▼
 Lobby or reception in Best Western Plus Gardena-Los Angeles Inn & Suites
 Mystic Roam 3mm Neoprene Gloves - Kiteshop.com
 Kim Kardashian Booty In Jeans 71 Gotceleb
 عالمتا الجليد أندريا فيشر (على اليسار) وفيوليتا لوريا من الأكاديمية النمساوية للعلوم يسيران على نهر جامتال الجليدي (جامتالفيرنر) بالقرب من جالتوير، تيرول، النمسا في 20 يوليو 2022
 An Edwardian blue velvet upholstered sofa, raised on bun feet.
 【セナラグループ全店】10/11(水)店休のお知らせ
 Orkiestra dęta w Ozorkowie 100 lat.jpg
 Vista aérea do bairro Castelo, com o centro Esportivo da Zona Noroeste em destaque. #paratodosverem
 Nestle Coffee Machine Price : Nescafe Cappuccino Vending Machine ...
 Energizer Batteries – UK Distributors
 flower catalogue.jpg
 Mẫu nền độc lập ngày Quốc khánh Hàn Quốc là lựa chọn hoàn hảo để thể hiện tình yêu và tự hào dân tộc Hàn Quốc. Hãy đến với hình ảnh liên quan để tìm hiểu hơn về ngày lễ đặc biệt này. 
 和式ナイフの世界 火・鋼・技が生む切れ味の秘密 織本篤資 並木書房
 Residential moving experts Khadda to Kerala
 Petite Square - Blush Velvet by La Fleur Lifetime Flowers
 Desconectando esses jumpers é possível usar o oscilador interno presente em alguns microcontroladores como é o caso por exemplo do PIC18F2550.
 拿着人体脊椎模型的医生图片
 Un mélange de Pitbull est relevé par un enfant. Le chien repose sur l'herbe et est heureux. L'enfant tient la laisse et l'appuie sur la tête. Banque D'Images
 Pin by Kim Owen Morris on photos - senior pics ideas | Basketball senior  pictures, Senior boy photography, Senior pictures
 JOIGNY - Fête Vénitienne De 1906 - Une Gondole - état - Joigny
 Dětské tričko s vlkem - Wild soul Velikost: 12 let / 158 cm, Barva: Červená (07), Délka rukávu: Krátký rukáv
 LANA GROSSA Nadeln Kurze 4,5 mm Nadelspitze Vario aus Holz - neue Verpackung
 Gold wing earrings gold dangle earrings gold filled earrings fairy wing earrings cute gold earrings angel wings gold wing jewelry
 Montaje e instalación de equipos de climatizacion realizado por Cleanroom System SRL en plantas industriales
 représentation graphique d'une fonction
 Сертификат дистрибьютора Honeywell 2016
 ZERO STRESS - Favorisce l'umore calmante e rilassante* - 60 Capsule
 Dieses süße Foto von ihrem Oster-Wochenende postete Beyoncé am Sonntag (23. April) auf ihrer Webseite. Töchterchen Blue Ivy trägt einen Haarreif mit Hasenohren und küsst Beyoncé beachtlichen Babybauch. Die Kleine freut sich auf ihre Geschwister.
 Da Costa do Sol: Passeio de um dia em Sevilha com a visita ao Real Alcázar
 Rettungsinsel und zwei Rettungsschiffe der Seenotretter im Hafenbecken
▲
(Work item):
Return the listing above in full, character for character.

(Expected answer):
 Lobby or reception in Best Western Plus Gardena-Los Angeles Inn & Suites
 Mystic Roam 3mm Neoprene Gloves - Kiteshop.com
 Kim Kardashian Booty In Jeans 71 Gotceleb
 عالمتا الجليد أندريا فيشر (على اليسار) وفيوليتا لوريا من الأكاديمية النمساوية للعلوم يسيران على نهر جامتال الجليدي (جامتالفيرنر) بالقرب من جالتوير، تيرول، النمسا في 20 يوليو 2022
 An Edwardian blue velvet upholstered sofa, raised on bun feet.
 【セナラグループ全店】10/11(水)店休のお知らせ
 Orkiestra dęta w Ozorkowie 100 lat.jpg
 Vista aérea do bairro Castelo, com o centro Esportivo da Zona Noroeste em destaque. #paratodosverem
 Nestle Coffee Machine Price : Nescafe Cappuccino Vending Machine ...
 Energizer Batteries – UK Distributors
 flower catalogue.jpg
 Mẫu nền độc lập ngày Quốc khánh Hàn Quốc là lựa chọn hoàn hảo để thể hiện tình yêu và tự hào dân tộc Hàn Quốc. Hãy đến với hình ảnh liên quan để tìm hiểu hơn về ngày lễ đặc biệt này. 
 和式ナイフの世界 火・鋼・技が生む切れ味の秘密 織本篤資 並木書房
 Residential moving experts Khadda to Kerala
 Petite Square - Blush Velvet by La Fleur Lifetime Flowers
 Desconectando esses jumpers é possível usar o oscilador interno presente em alguns microcontroladores como é o caso por exemplo do PIC18F2550.
 拿着人体脊椎模型的医生图片
 Un mélange de Pitbull est relevé par un enfant. Le chien repose sur l'herbe et est heureux. L'enfant tient la laisse et l'appuie sur la tête. Banque D'Images
 Pin by Kim Owen Morris on photos - senior pics ideas | Basketball senior  pictures, Senior boy photography, Senior pictures
 JOIGNY - Fête Vénitienne De 1906 - Une Gondole - état - Joigny
 Dětské tričko s vlkem - Wild soul Velikost: 12 let / 158 cm, Barva: Červená (07), Délka rukávu: Krátký rukáv
 LANA GROSSA Nadeln Kurze 4,5 mm Nadelspitze Vario aus Holz - neue Verpackung
 Gold wing earrings gold dangle earrings gold filled earrings fairy wing earrings cute gold earrings angel wings gold wing jewelry
 Montaje e instalación de equipos de climatizacion realizado por Cleanroom System SRL en plantas industriales
 représentation graphique d'une fonction
 Сертификат дистрибьютора Honeywell 2016
 ZERO STRESS - Favorisce l'umore calmante e rilassante* - 60 Capsule
 Dieses süße Foto von ihrem Oster-Wochenende postete Beyoncé am Sonntag (23. April) auf ihrer Webseite. Töchterchen Blue Ivy trägt einen Haarreif mit Hasenohren und küsst Beyoncé beachtlichen Babybauch. Die Kleine freut sich auf ihre Geschwister.
 Da Costa do Sol: Passeio de um dia em Sevilha com a visita ao Real Alcázar
 Rettungsinsel und zwei Rettungsschiffe der Seenotretter im Hafenbecken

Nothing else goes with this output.